Pregnant after a Loss

DS was bit by a dog

Yesterday.  He was at Nana's house and she can't say no to him (not kidding).  Anyway, he is giving the dog pretzels and she keeps saying don't do that.  Well, finally he decides to listen and take the pretzel back.  Anyway, dog bit him on the ear and scratched him up.  I wasn't terribly worried.  She cleaned it well and DH took care of it last night and watched it.  BUT then he wakes up with a fever this morning.  So of course I had to set up an appointment with the new pediatrician we haven't even seen yet since we moved.  So I get to do that tonight.
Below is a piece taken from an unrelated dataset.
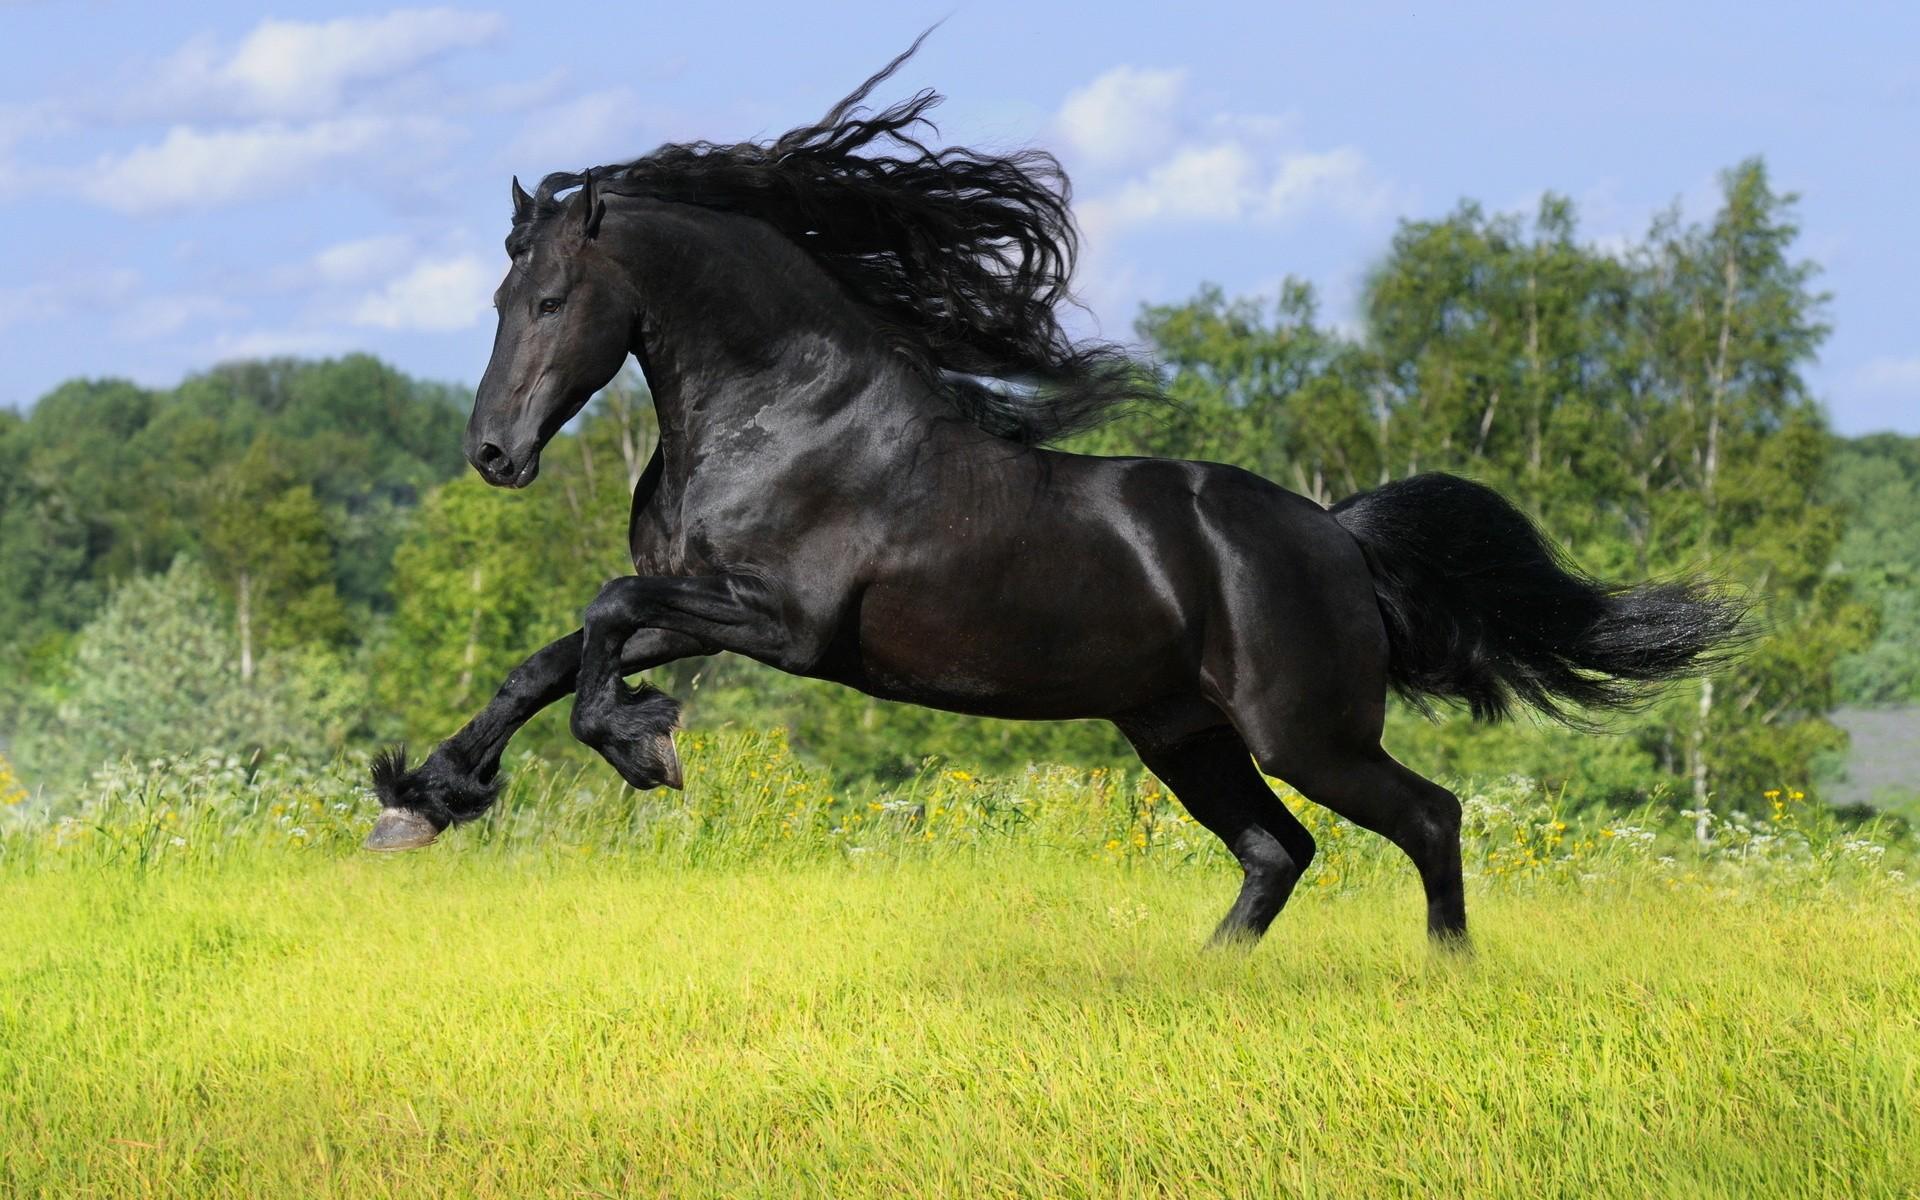 Ver fotos de caballos de mar 27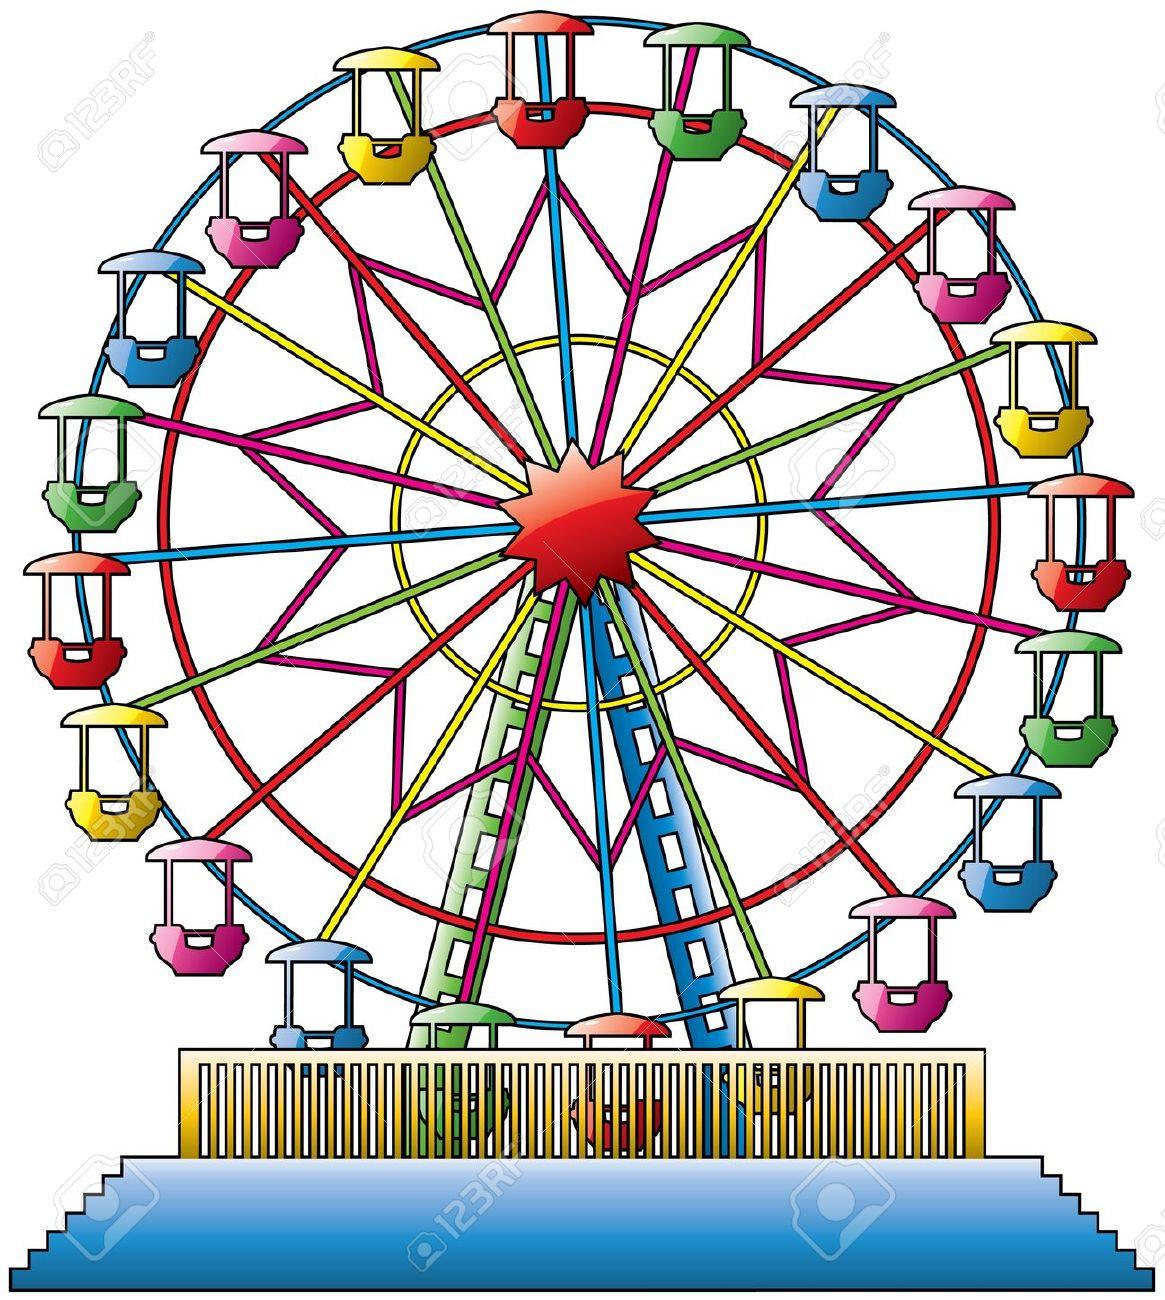 Free Ferris Wheel Cliparts, Download Free Clip Art, Free.

Here's the thing, I can't decide if I am mad at MIL.  The dog is a big coward and we've never had any issues.  He's generally sweet.  Well, MIL babies this dog to the extreme.  After holidays when people are over and the dog gets lots of dropped food and kids feeding him, he sometimes gets sick.  So her vet said to limit food when this happens.  So she had been limiting his food for two days and then gave my 2 year-old a bowl of pretzels to walk around with!  She told him not to feed the dog, but she didn't take the bowl away or make him sit at the table.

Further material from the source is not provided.